TRY IT: All that is needed is the line containing "Zdjęcia przedstawiają działania" and the lines after it to the end of the material, written out exactly, pictures left aside.

DATA PROVIDED:
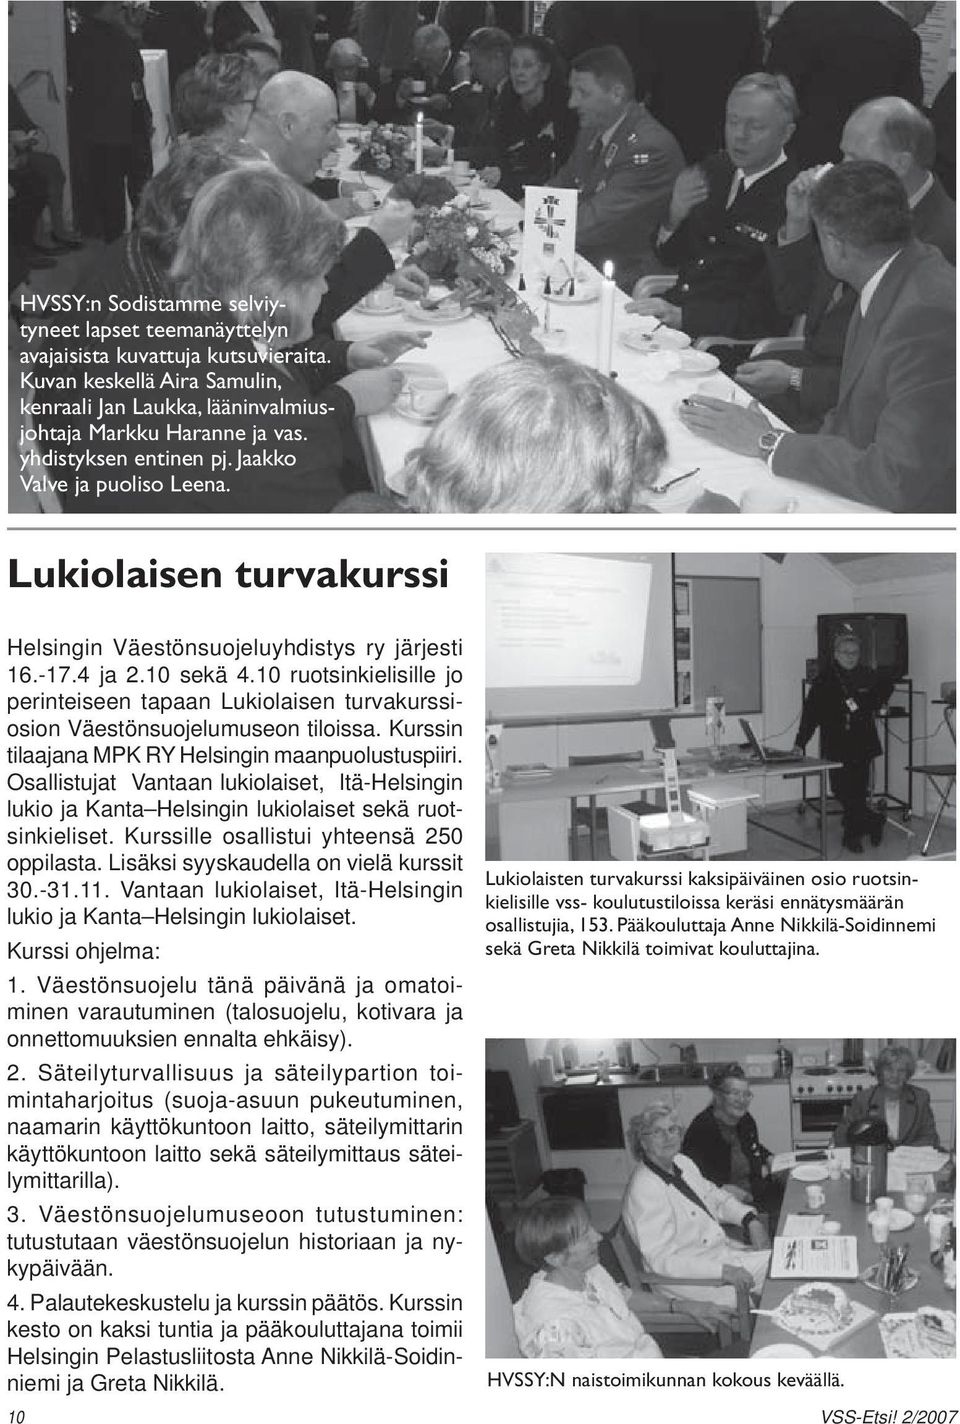 10 ruotsinkielisille jo perinteiseen tapaan Lukiolaisen turvakurssiosion Väestönsuojelumuseon tiloissa. Kurssin tilaajana MPK RY Helsingin maanpuolustuspiiri.
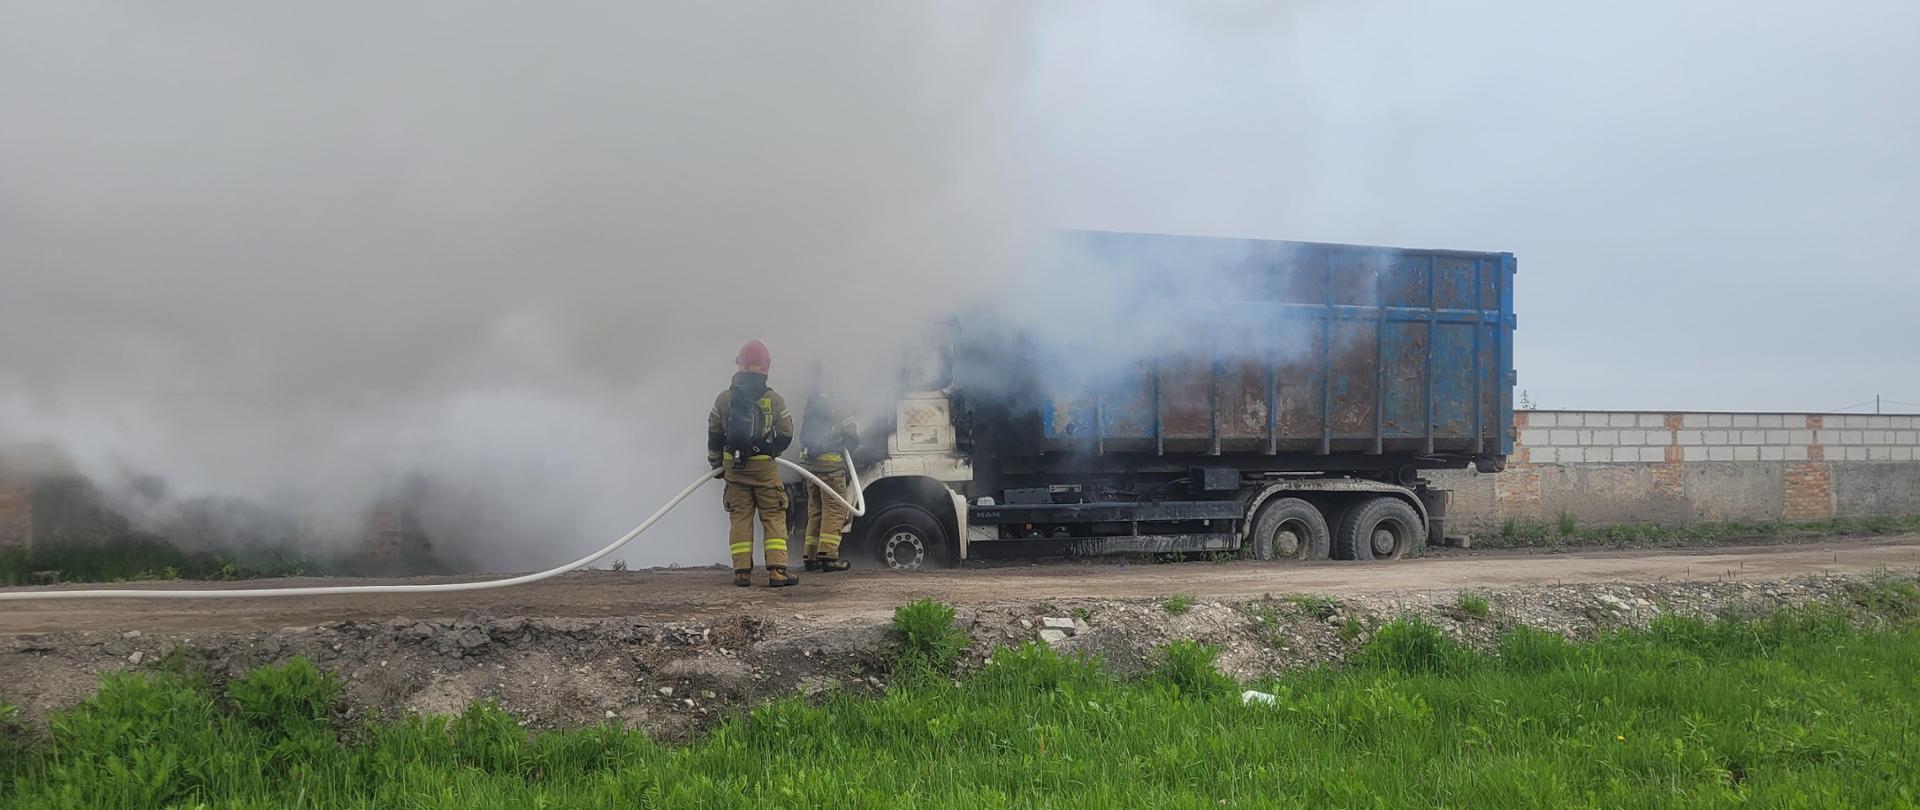 Zdjęcia przedstawiają działania gaśnicze podczas pożaru samochodu ciężarowego. Na fotografii widoczni są strażacy w ubraniach specjalnych oraz mają założone aparaty ochrony dróg oddechowych. Pożar rozwija się w przestrzeni kabiny pojazdu. Samochód ustawiony jest na drodze gruntowej.
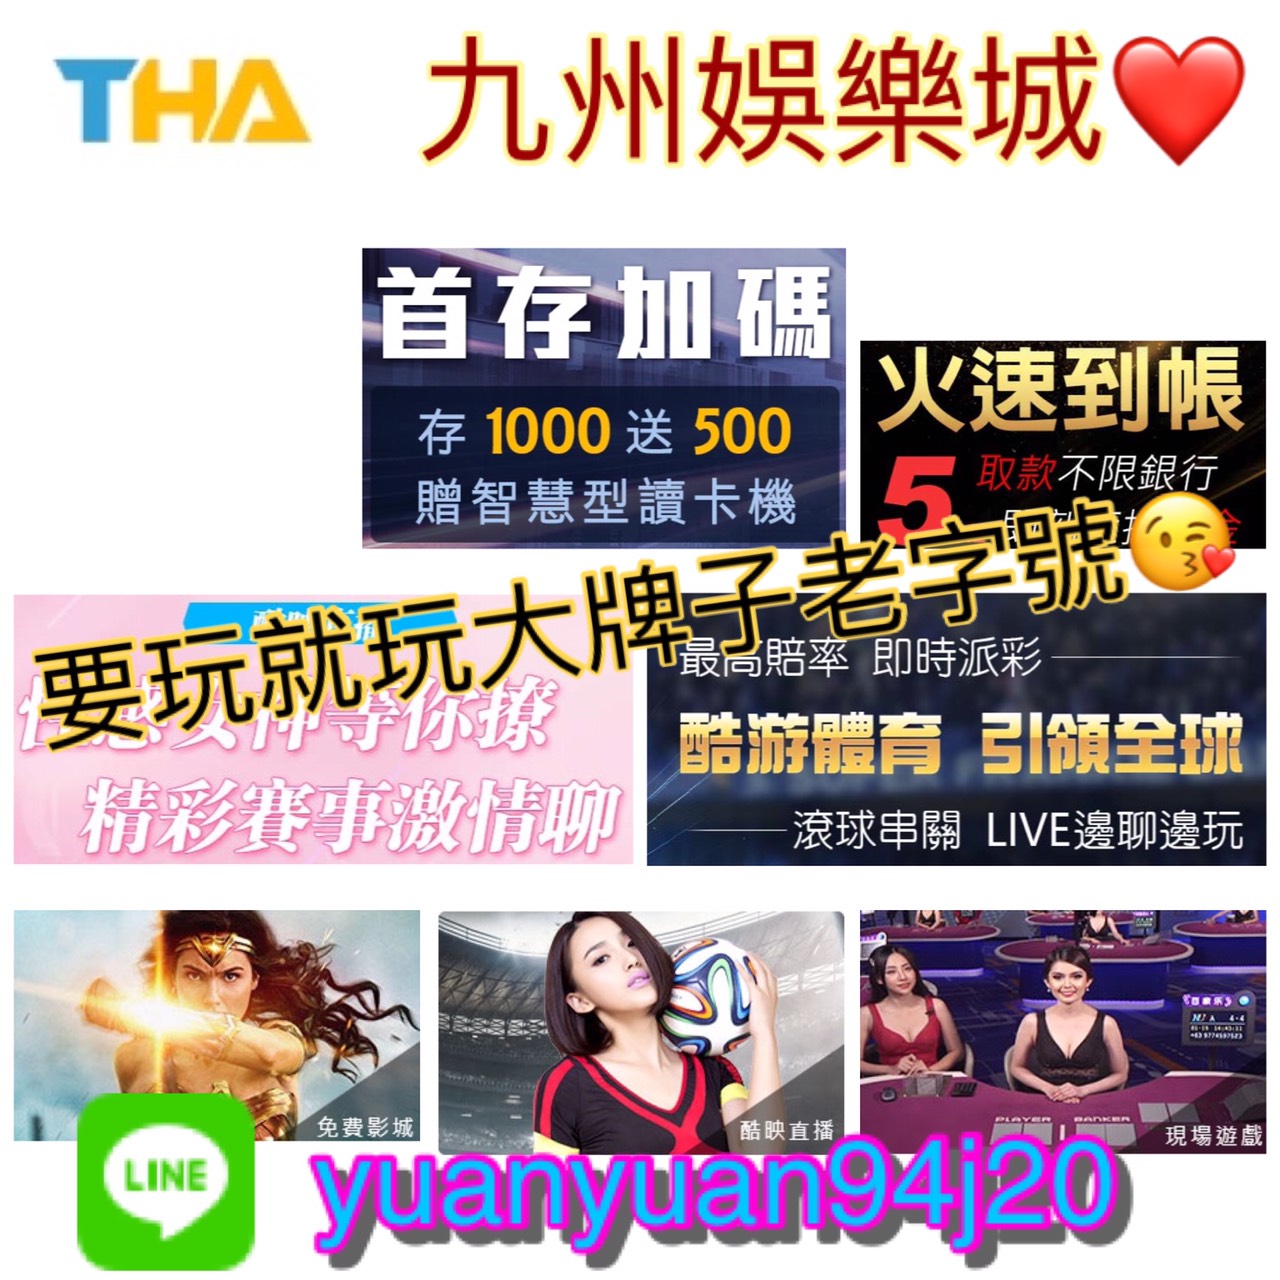 超級推薦   THA九州娛樂城   台灣第一大平台

OUTPUT:
 Zdjęcia przedstawiają działania gaśnicze podczas pożaru samochodu ciężarowego. Na fotografii widoczni są strażacy w ubraniach specjalnych oraz mają założone aparaty ochrony dróg oddechowych. Pożar rozwija się w przestrzeni kabiny pojazdu. Samochód ustawiony jest na drodze gruntowej.
 超級推薦   THA九州娛樂城   台灣第一大平台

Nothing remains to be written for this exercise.